I don’t know why but whenever something from Center for Open Science pops up in the news feeds, my fingers get twitchy and I start to imagine writing some response (see also). It may be because @BrianNosek and I used to play volleyball together and he was a terrific athlete whose awesome v-ball spikes I am still imagining trying to block (true story).

COS recently posted an article with the title “One Preregistration to Rule Them All?” discussing various mechanics of pre-registering of one’s study when there are multiple sub-studies and inter-linked collaborative studies. This led my colleague @jplotkin to comment tongue-in-cheek that it would make @BrianNosek Sauron and @OSFramework Mount Doom. While I am sure Josh meant it as a joke, I thought the “Rule Them All” and “Sauron” comments were an apt metaphor for the good intentioned efforts of COS—efforts that I have a hard time buying into.

It is common to think that the main failure of Communism, with its ideal of “From each according to his ability, to each according to his need”, was mostly a failure of human nature; our greed and our laziness unable to live up to those lofty ideals. But, communism has a much more critical obstacle than mere human foibles. Communism, capitalism, socialism, etc. are economic systems, each sharing the main goal of matching supply (from one’s ability) to demand (one’s need). So, any system has to solve the problem of how to allocate appropriate labors and resources to create supplies that meet the demands of every member of the society–a problem involving literally billions of variables. Free markets are basically a heuristic solution to the problem of optimal allocation. If we want to employ a different approach, say rational planning (e.g. communism), then we need to solve Leonid Kantorovich’s (the only Soviet Nobel Laureate in Economics) computational problem of optimal resource allocation. Of course, there are no solutions for optimization over billions of variables.

I previously suggested that the main activity of science is to exchange ideas. Each of us supply ideas and data and we consume the ideas and data created by others. We might think of each journal as kind of a market where we each display our wares in the hope that some might buy them. Like real markets, there is some regulation to prevent fraud, but for the most part, supply and demand are dynamically regulated by the actors themselves. The current journal system has a lot of problems, but as a heuristic solution to the optimal allocation problem of getting the “true” knowledge to those that need it, the system works pretty well—albeit with caveat emptor.

COS and its supporters are focused on the errors and negatives of such a heuristic solution and want to create systems to rationally distribute knowledge. Like early communists, I am sure their goals are motivated by honest wishes for improving society. Yet, in the end, whatever system they construct must not only eliminate the problems of the free market but also provide solutions to the optimal allocation problem. And, solving this problem involves not only the intractable computational problem of optimization but also the more subtle problem of taking into account “unknown but possible worlds” variables. For example, before deciding on what to cook for dinner, I often browse the aisles at my grocery store to see if something is inspiring. The result is quite different from what would have happened if somebody delivered bunch of groceries to my door. Similarly, flawed studies like the famous ‘arsenic-life’ or say the human cloning study actually triggered all kinds of interesting science.
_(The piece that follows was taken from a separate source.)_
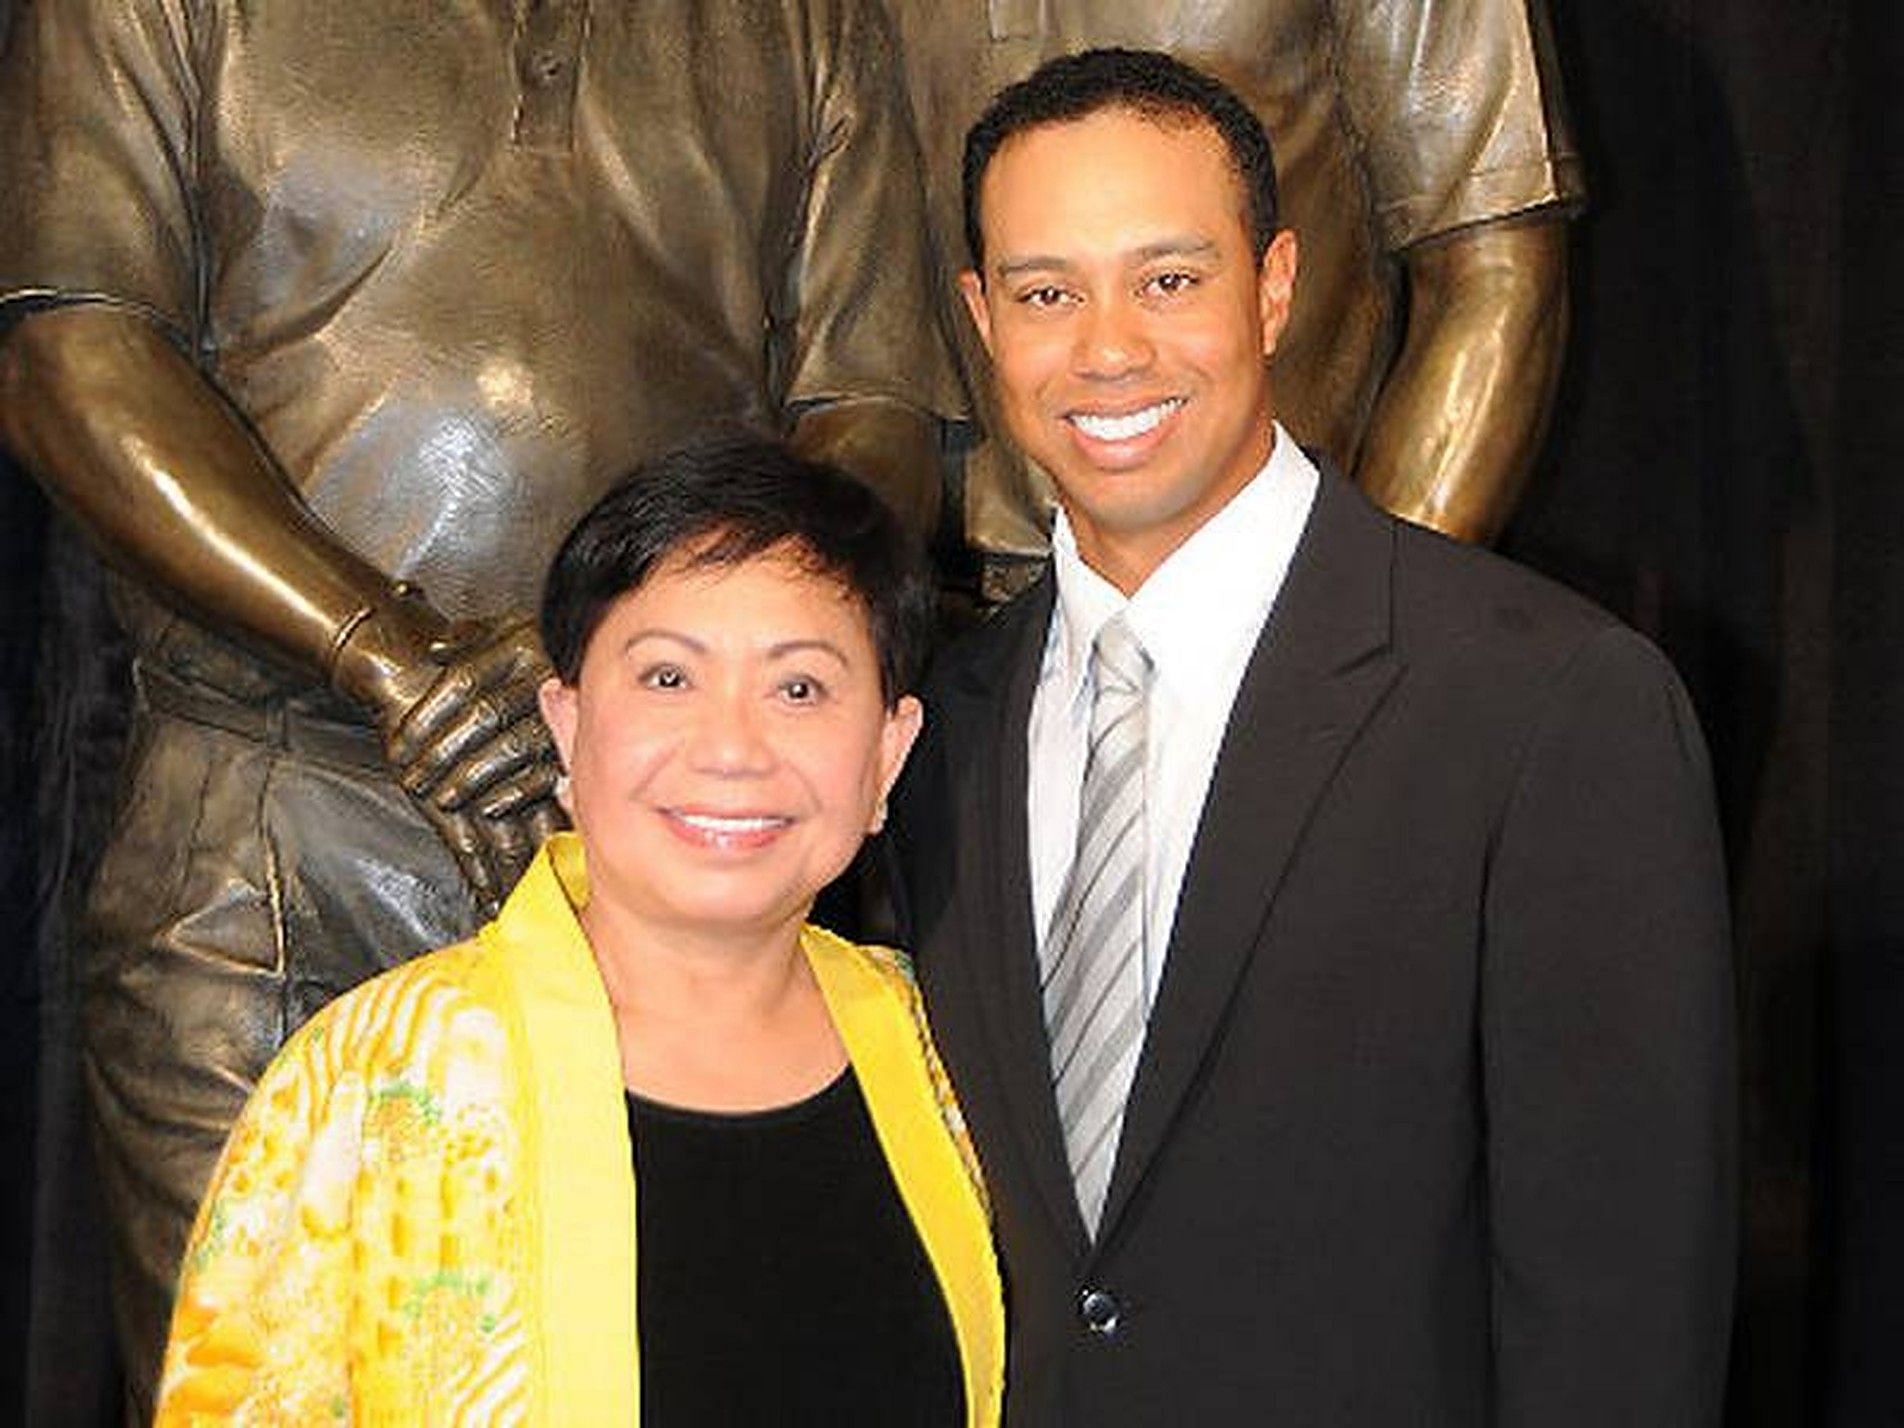 Tiger Woods with his mother (Image via WireImage/Cohen)

As ominously presaged by the title of their own blog article “Preregistration: A plan, not a prison“, creating a global plan without truly solving the allocation problem is highly likely to fall short of the heuristic free market solution and feel very much the prison to the players put in sub-optimal positions. Of course, when we add to this all the failures of human foibles, it might be good to remember how the well-intended revolutionaries soon moved to the absolutism of the Bolsheviks and the subsequent even more unfortunate autocratic events.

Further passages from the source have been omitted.